1.2 COMPREENSÃO TRIBUTÁRIA: UM CAMINHO A SER TRILHADO

1.2.3 Espécies Tributárias Abordadas

Visto os frequentes erros conceituais que são observados na prática cotidiana, tornar compreensível que tributo é um gênero, que impostos, taxas, contribuições de melhorias, empréstimos compulsórios e contribuições especiais são suas espécies é elementar para o aprofundamento do estudo do STB. Nesse sentido, quando constar a palavra “tributo”, esta compreenderá todas as suas espécies, ao contrário de quando, por exemplo, abordar-se a palavra “imposto”, o qual é apenas uma espécie tributária. Essa teoria recebeu o nome de quinquinpartite.

Apesar de, à primeira vista, parecer singela ou sem tanto sentido essa distinção entre o gênero tributo e suas espécies, é necessário firmar o entendimento de que cada espécie tributária tem uma finalidade e regramento muito específicos e que seu desconhecimento traz sérias distorções cognitivas, legais e conceituais. Para proporcionar um melhor detalhamento, apresenta-se a tabela 1:

Tabela 1 - Espécies Tributárias x Tributos Possíveis de Utilização na Pesquisa

ESPÉCIES TRIBUTÁRIAS TRIBUTOS UTILIZADOS NA PESQUISA

Impostos ITR, IPTU, IPVA, ITCD, ITBI, IR, IPI, ICMS, ISSQN

Taxas -

Contribuições de Melhoria -

Contribuições Especiais CSLL, PIS, COFINS e CP Empréstimos Compulsórios -

Fonte: Elaborada pelo autor (2018).

Para o que se propõe a pesquisa, utilizar-se-á apenas duas espécies tributárias, as quais serão: impostos e contribuições especiais.

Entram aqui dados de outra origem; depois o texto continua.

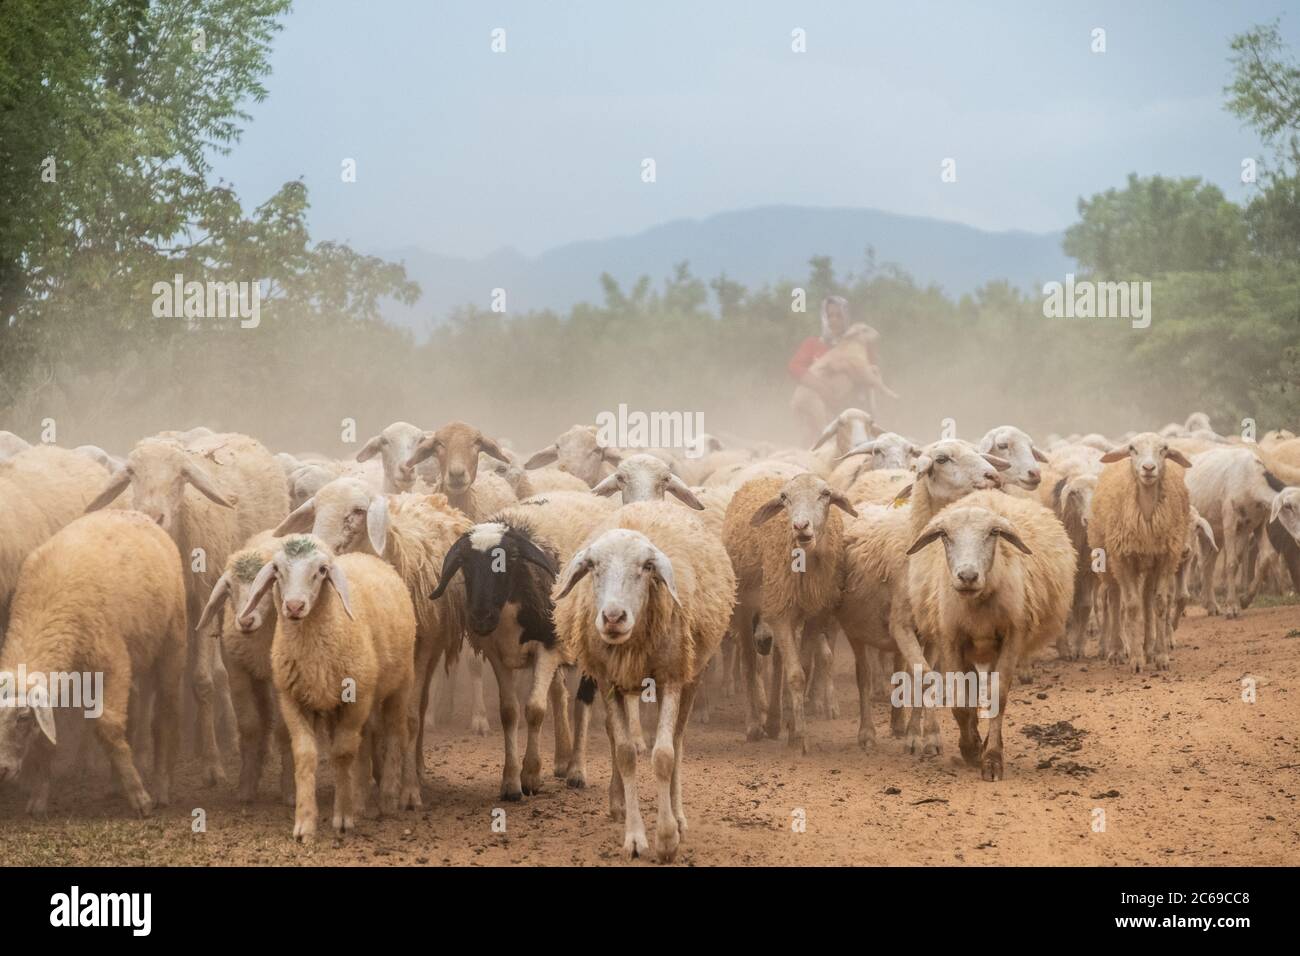 Female shepherd herding sheep, Vietnam Stock Photo

Justifica-se tal escolha, uma vez que, conforme os dados apresentados pela RFB em setembro de 2016, houve a participação total tributária na ordem de 32,66% sobre o PIB de 2015, o que representa 100% da tributação daquele ano. Desses 32,66% do PIB, 17% representam a espécie tributária dos impostos, ou seja: 52,05% de toda a tributação no ano de 2015 foram arrecadados através da espécie denominada impostos. Já 14,41% (dos 32,66% do PIB) são inerentes à espécie tributária das contribuições especiais, representando 44,12% da arrecadação total. Logo, suas incidências estão presentes no dia a dia de toda a população, representando efetivamente 96,17% da arrecadação tributária brasileira (RFB, 2016).

1.2.4.1 Impostos

O conceito de imposto está previsto no art. 16 do CTN/6656: “Imposto é o tributo cuja obrigação tem por fato gerador uma situação independente de qualquer atividade estatal específica, relativa ao contribuinte”. A própria definição legal evidencia que nenhum imposto é vinculado ao seu fato gerador, ou seja, os recursos oriundos de sua arrecadação podem ser gastos ou investidos em fatos alheios, observados os limites discricionais dos governos. Para esclarecer ainda mais, citar-se-á o seguinte exemplo um tanto corriqueiro: o fato gerador do Imposto Predial Territorial Urbano (IPTU) é a posse de terreno ou de edificações cuja finalidade seja urbana, em áreas também urbanas e delimitadas pelas leis municipais. Ao recolher esse tributo, o contribuinte não deve esperar (legalmente) que o executivo municipal invista esse

dinheiro, por exemplo, embelezando a cidade ou arrumando canteiros e praças públicas, ainda que possa fazer se assim desejar. Nesse sentido, corrobora Amaro (2010, p. 52): “para exigir imposto de certo indivíduo, não é preciso que o Estado lhe preste algo determinado”.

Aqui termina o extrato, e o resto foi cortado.